Problem to solve
Could you print exactly the lines of the listing below, starting at the line that has "Niñas Vestido Navidad" and ending at the line that has "2 mesas 54 en", and only those lines?

Provided data
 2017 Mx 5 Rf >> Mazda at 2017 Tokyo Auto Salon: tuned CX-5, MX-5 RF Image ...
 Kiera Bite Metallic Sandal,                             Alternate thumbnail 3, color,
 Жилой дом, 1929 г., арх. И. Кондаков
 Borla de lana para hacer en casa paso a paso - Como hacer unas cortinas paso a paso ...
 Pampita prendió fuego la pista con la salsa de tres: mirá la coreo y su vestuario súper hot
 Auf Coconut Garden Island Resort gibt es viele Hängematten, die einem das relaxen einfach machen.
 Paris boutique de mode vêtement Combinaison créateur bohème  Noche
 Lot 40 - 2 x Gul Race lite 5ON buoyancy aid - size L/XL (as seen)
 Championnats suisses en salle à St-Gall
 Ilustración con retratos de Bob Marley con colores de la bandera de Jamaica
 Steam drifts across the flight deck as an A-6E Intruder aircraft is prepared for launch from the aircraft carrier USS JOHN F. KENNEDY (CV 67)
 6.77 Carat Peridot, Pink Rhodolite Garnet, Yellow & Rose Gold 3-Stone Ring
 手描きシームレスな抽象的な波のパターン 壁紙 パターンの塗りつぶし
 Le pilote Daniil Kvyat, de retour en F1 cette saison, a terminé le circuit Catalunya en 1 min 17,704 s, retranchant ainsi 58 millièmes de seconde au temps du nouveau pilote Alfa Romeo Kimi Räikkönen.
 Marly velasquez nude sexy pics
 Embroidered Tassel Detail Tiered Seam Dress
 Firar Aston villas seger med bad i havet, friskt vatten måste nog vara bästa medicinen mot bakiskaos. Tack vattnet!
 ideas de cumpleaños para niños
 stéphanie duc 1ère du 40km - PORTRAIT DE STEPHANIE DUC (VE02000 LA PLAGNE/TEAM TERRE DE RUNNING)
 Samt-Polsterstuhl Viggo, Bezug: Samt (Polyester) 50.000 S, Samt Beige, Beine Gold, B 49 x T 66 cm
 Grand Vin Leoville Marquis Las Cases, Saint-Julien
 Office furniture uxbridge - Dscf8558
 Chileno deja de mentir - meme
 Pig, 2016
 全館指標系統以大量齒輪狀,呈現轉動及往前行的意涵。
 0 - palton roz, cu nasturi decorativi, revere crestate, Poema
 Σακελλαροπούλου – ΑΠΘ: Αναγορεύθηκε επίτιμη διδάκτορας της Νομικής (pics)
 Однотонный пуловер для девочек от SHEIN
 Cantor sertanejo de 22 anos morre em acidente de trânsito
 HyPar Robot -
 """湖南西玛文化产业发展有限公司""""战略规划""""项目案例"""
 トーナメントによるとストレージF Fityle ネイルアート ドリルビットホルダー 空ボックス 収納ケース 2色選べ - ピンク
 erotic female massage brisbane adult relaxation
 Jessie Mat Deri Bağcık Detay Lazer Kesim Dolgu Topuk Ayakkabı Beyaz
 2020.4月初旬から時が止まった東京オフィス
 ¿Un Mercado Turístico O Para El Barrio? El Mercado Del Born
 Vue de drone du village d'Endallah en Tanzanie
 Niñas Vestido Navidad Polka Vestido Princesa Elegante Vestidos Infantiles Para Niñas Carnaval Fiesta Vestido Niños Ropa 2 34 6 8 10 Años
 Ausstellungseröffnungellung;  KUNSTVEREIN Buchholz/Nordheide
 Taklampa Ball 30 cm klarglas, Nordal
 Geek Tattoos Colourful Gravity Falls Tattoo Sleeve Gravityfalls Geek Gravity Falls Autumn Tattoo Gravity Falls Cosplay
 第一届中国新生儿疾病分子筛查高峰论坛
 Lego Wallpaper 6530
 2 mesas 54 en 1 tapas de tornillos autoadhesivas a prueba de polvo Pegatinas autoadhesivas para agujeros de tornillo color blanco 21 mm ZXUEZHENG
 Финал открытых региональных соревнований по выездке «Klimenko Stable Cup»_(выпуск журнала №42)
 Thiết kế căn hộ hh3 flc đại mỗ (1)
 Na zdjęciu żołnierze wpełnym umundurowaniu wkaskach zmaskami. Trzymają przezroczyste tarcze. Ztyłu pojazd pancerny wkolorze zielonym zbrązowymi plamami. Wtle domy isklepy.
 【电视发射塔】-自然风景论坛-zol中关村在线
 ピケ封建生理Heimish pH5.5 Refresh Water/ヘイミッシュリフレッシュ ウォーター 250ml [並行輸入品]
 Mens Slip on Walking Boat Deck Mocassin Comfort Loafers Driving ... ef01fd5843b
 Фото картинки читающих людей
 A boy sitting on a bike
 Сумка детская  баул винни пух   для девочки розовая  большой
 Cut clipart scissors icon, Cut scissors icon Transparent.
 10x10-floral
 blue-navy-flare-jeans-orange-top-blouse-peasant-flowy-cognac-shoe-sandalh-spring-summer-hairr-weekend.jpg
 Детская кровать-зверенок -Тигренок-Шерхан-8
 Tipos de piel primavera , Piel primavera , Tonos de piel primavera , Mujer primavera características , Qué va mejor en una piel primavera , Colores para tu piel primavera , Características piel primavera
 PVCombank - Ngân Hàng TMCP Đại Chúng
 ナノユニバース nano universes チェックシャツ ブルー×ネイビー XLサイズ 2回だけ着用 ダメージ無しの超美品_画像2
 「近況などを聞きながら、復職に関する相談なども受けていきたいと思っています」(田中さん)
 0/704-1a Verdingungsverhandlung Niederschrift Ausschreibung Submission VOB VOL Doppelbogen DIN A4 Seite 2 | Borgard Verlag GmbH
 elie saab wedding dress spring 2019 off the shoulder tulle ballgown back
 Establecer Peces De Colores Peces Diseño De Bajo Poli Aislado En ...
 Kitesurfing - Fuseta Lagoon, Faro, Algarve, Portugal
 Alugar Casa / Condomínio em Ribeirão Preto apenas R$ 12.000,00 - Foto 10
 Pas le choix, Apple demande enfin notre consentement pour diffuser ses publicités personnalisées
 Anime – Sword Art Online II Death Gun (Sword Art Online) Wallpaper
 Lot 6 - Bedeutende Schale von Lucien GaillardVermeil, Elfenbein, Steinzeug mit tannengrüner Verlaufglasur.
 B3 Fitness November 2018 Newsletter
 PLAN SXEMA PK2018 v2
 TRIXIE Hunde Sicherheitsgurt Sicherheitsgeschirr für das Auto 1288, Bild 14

Reply to the exercise
 Niñas Vestido Navidad Polka Vestido Princesa Elegante Vestidos Infantiles Para Niñas Carnaval Fiesta Vestido Niños Ropa 2 34 6 8 10 Años
 Ausstellungseröffnungellung;  KUNSTVEREIN Buchholz/Nordheide
 Taklampa Ball 30 cm klarglas, Nordal
 Geek Tattoos Colourful Gravity Falls Tattoo Sleeve Gravityfalls Geek Gravity Falls Autumn Tattoo Gravity Falls Cosplay
 第一届中国新生儿疾病分子筛查高峰论坛
 Lego Wallpaper 6530
 2 mesas 54 en 1 tapas de tornillos autoadhesivas a prueba de polvo Pegatinas autoadhesivas para agujeros de tornillo color blanco 21 mm ZXUEZHENG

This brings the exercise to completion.